*SOURCE MATERIAL*.
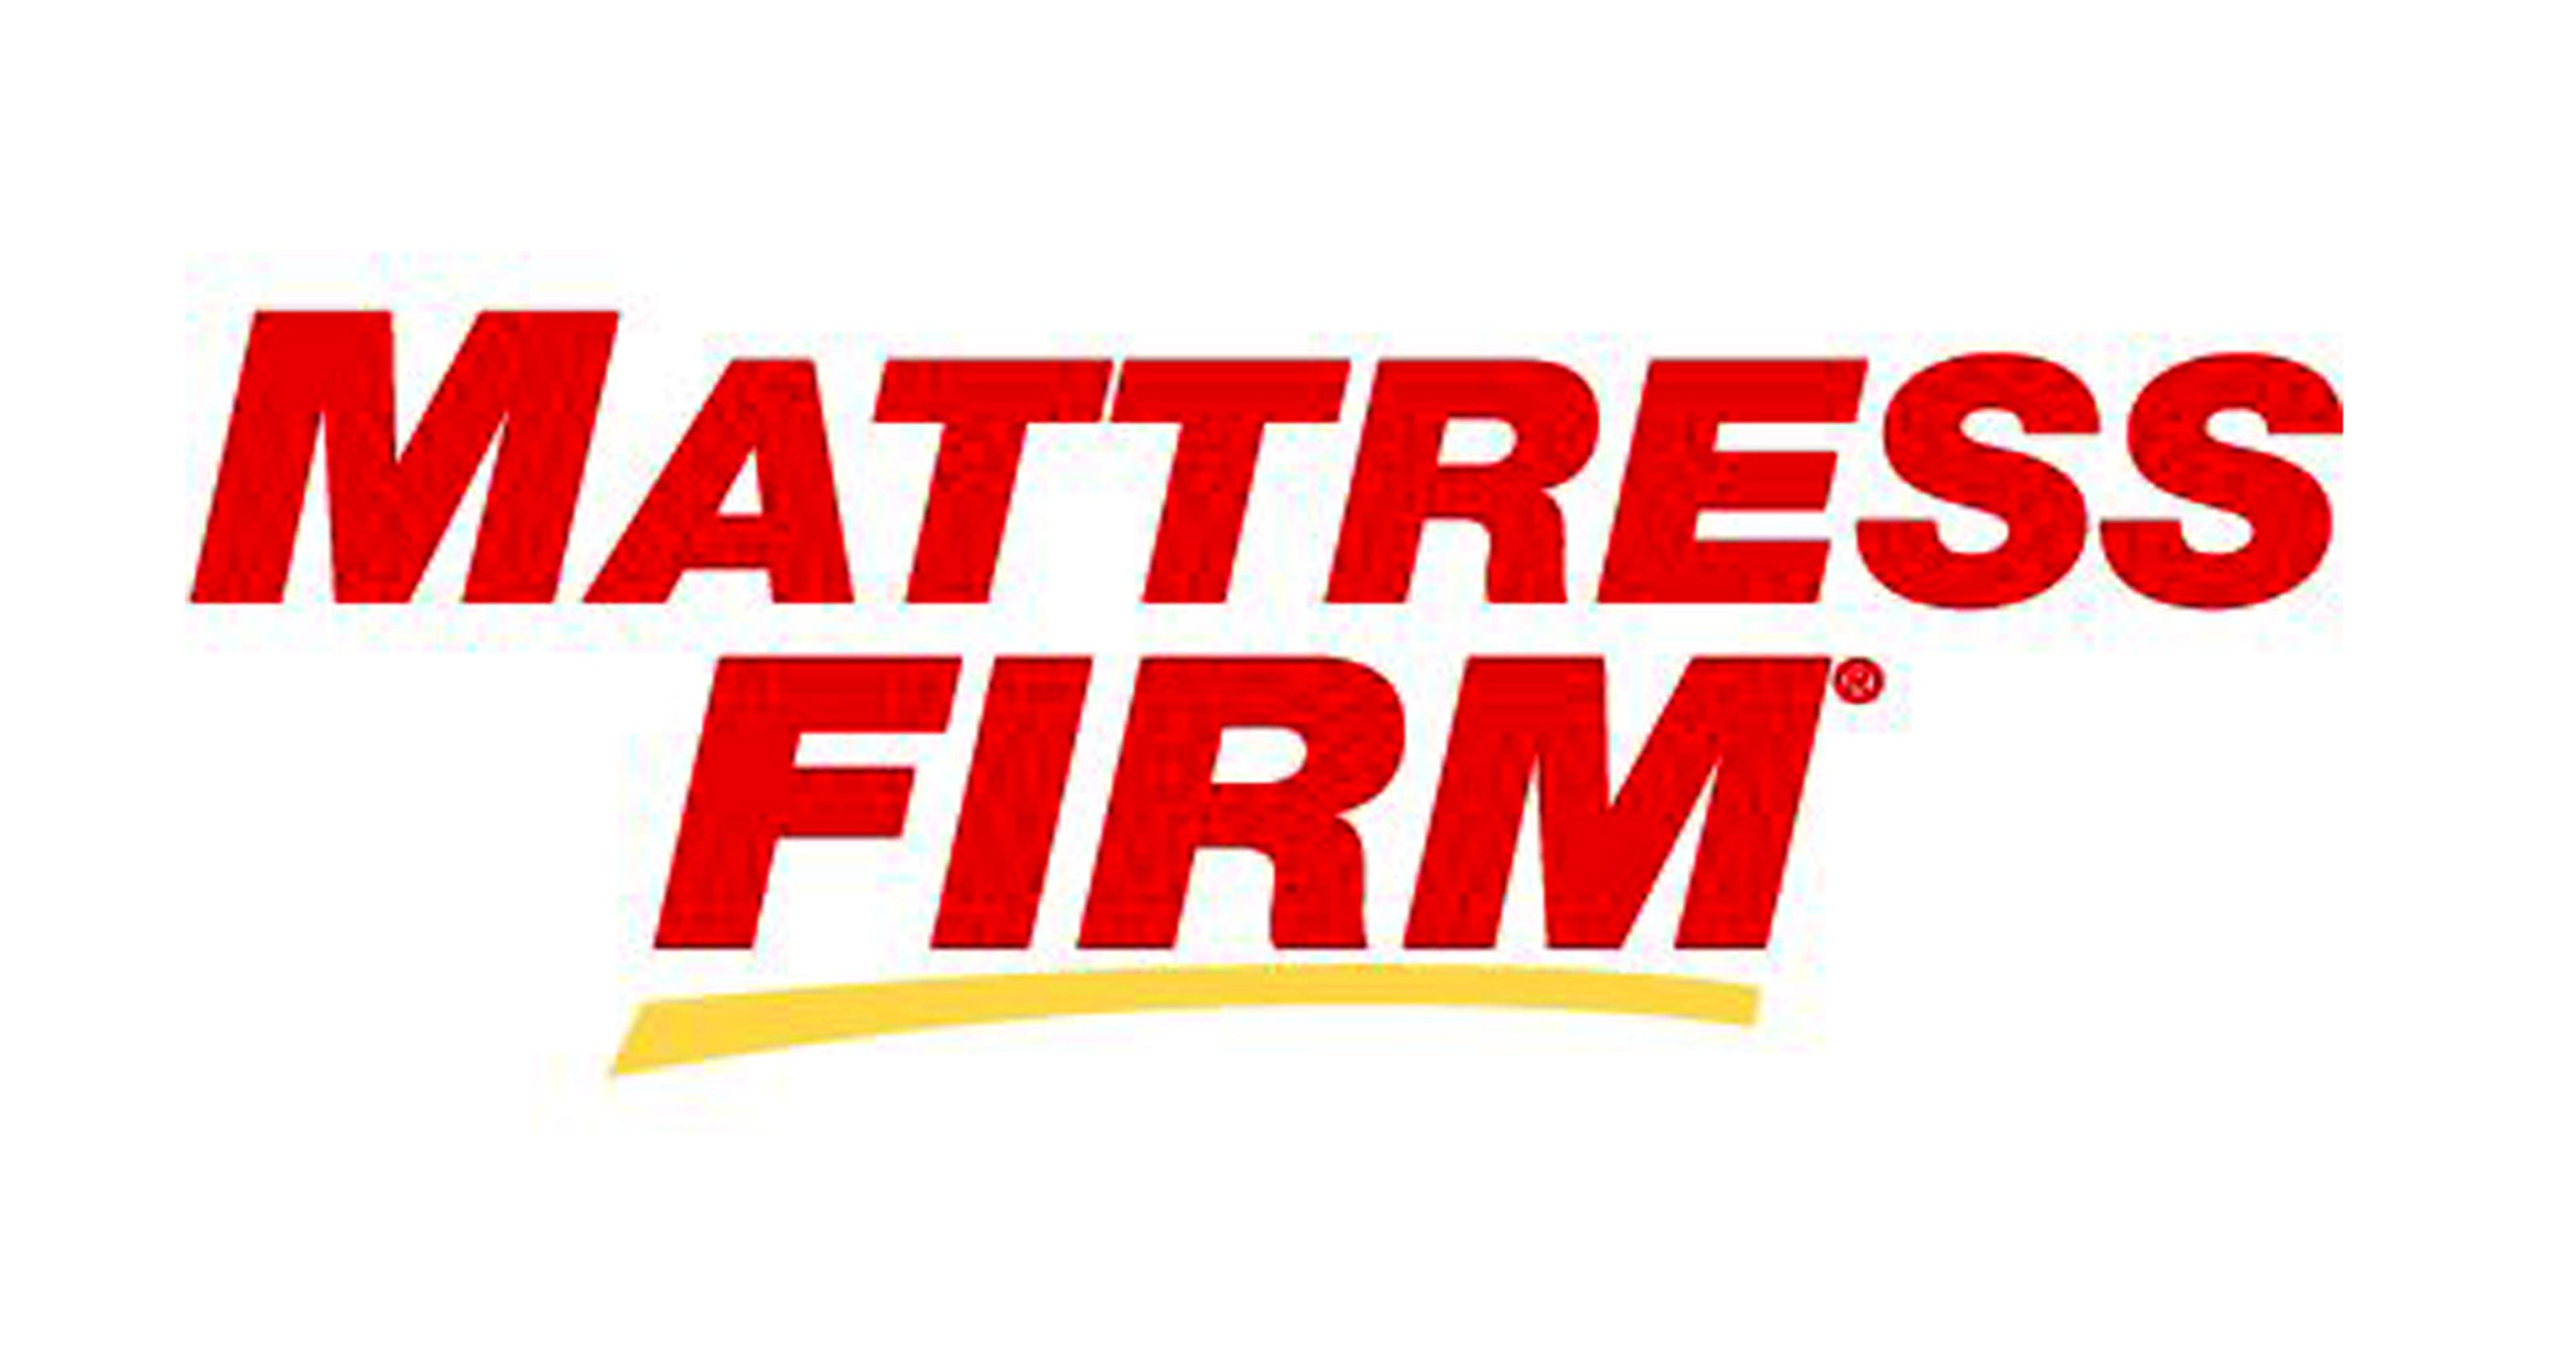 is mattress firm a good company
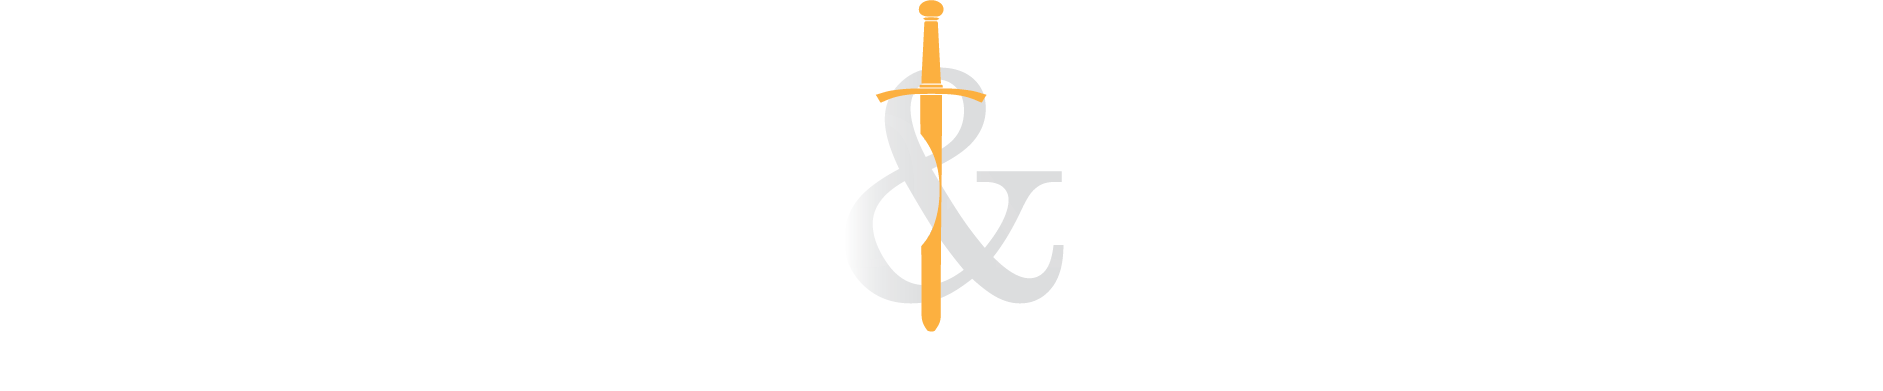 Dwyer & Knight Law Firm logo
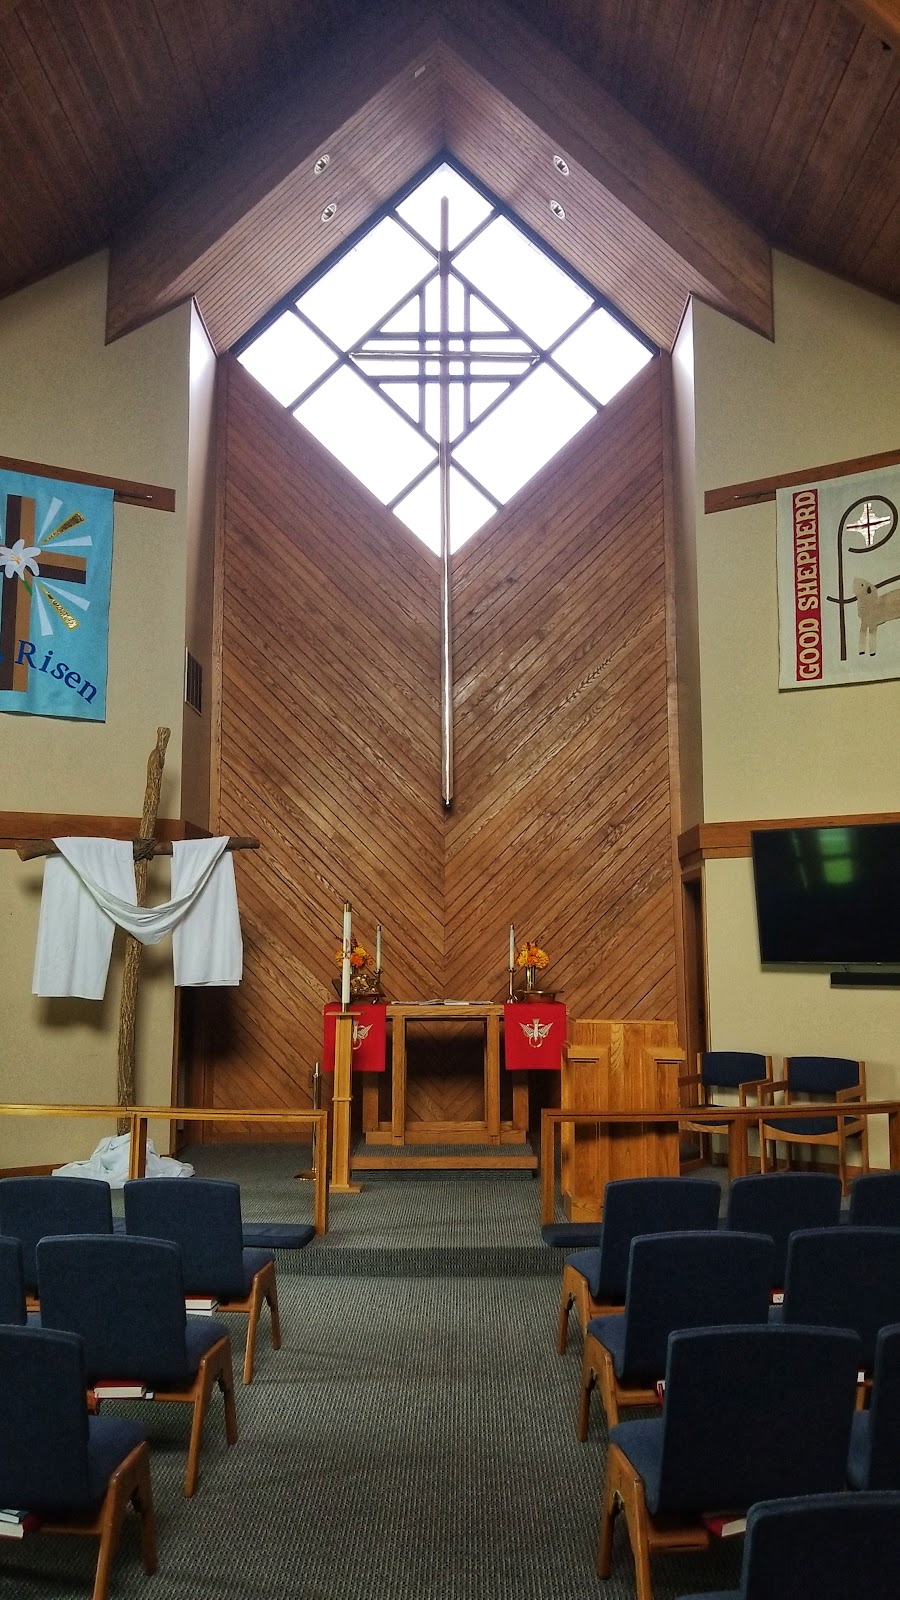 Good Shepherd Lutheran Church | 41415 W 9 Mile Rd, Novi, MI 48375, USA | Phone: (248) 349-0565
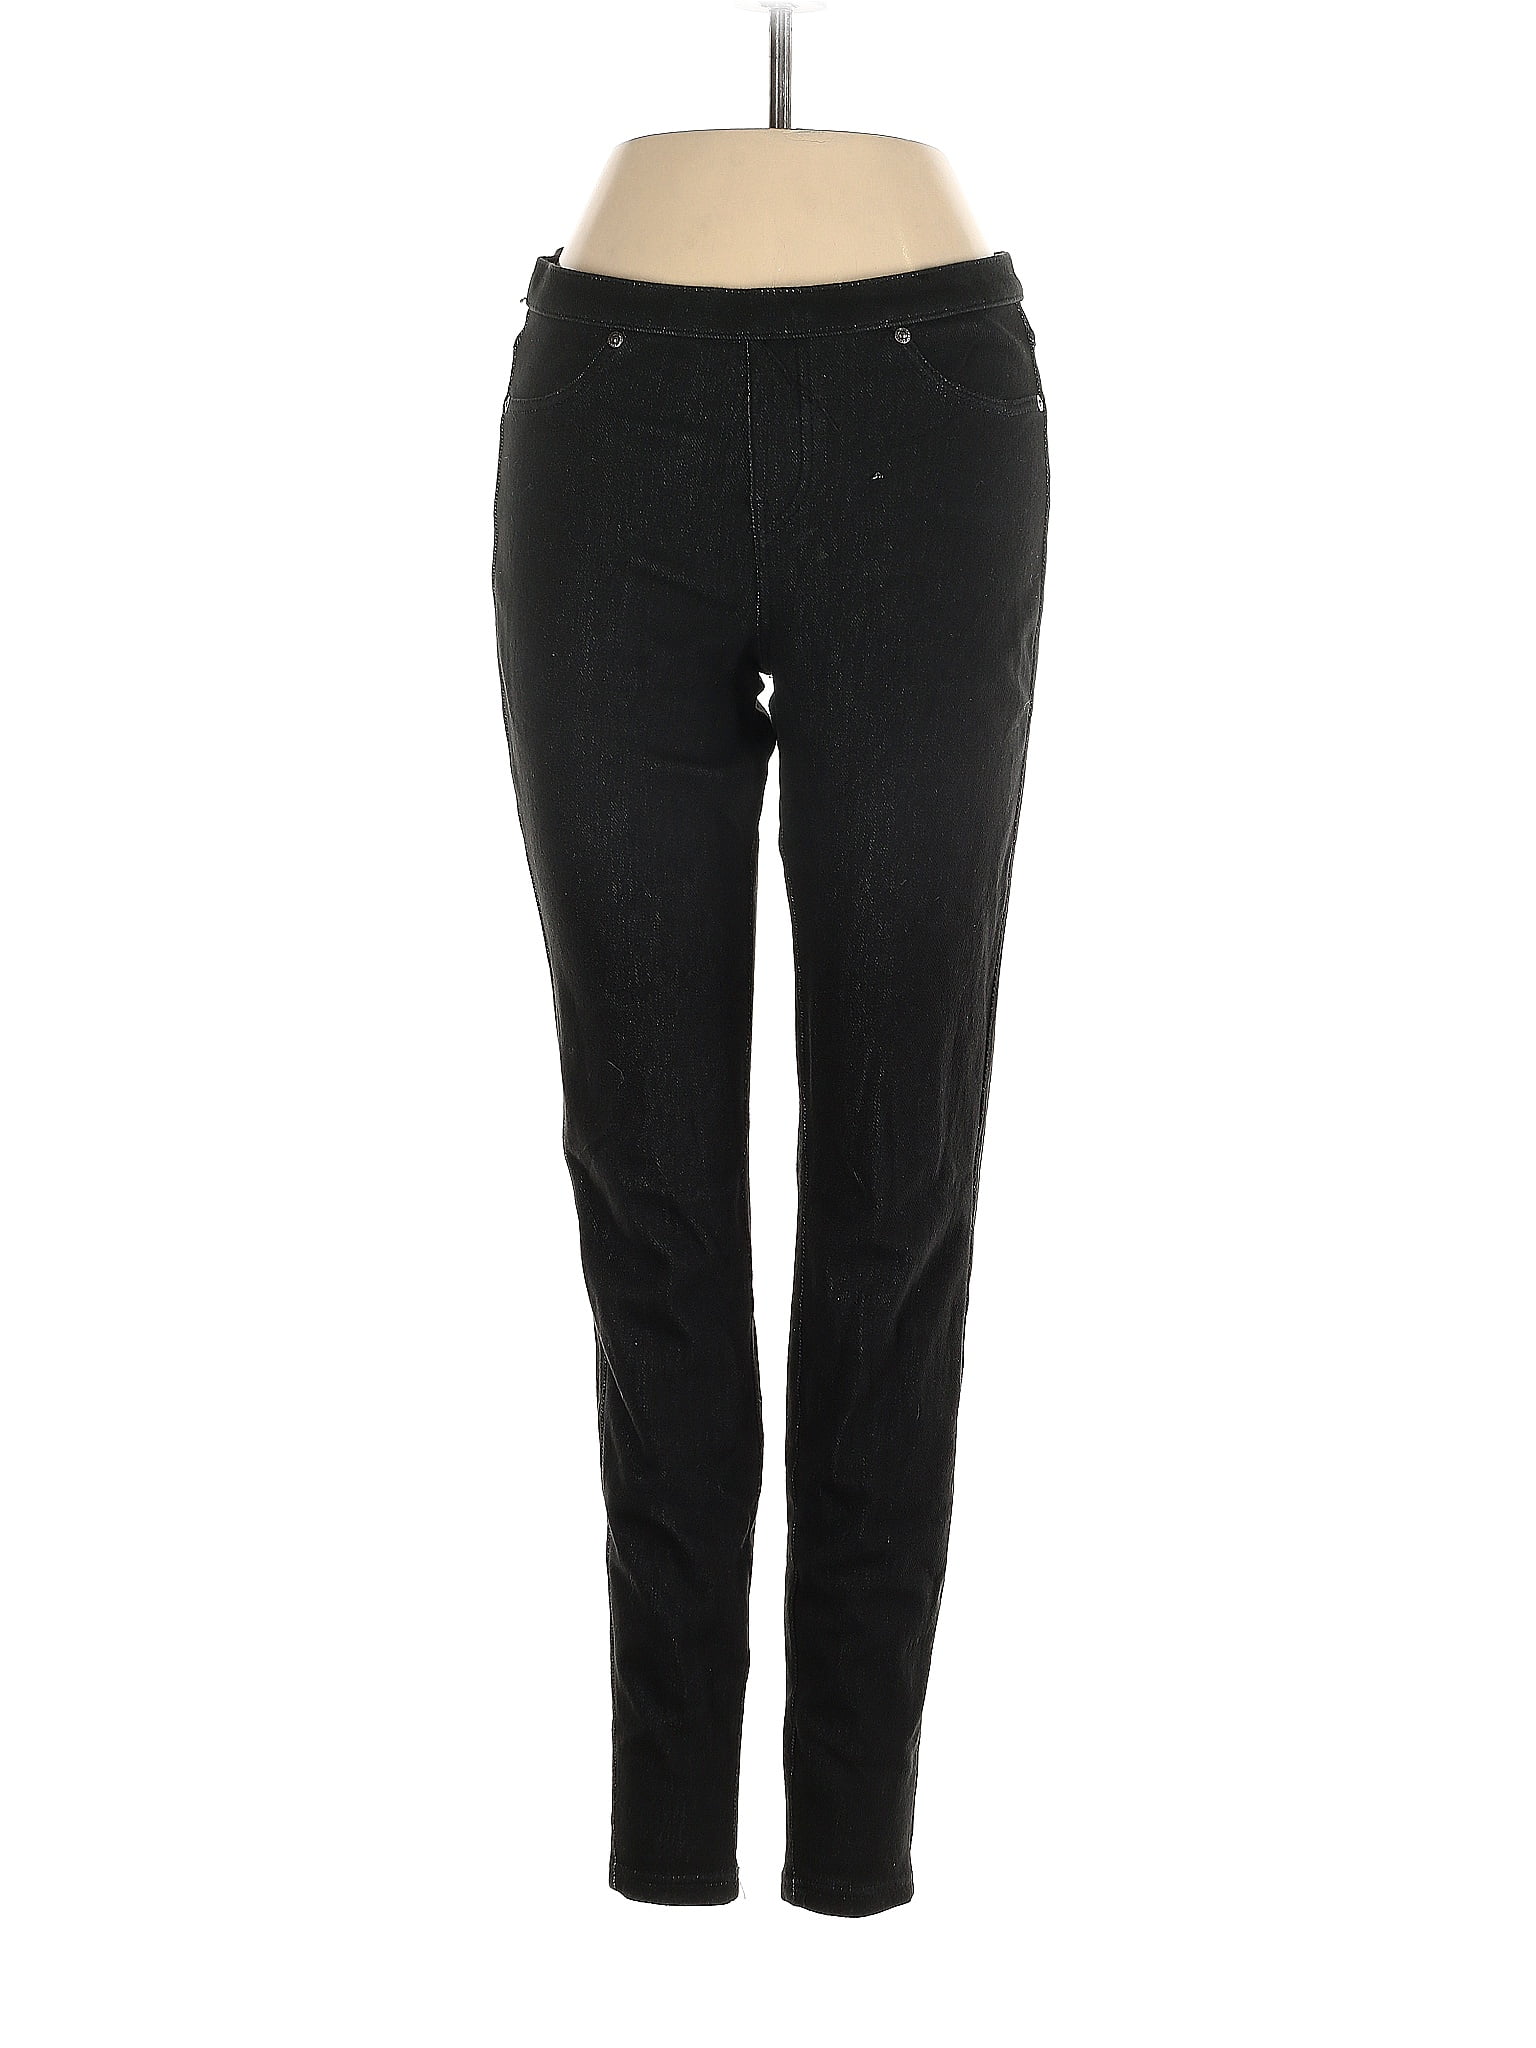 Simply Vera Vera Wang Black Jeans Size 16 - 57% off

*WORK TASK*. Everything in the listing above must be restated word for word, except the images.

*ANSWER TO THE EXERCISE*.
 is mattress firm a good company
 Dwyer & Knight Law Firm logo
 Good Shepherd Lutheran Church | 41415 W 9 Mile Rd, Novi, MI 48375, USA | Phone: (248) 349-0565
 Simply Vera Vera Wang Black Jeans Size 16 - 57% off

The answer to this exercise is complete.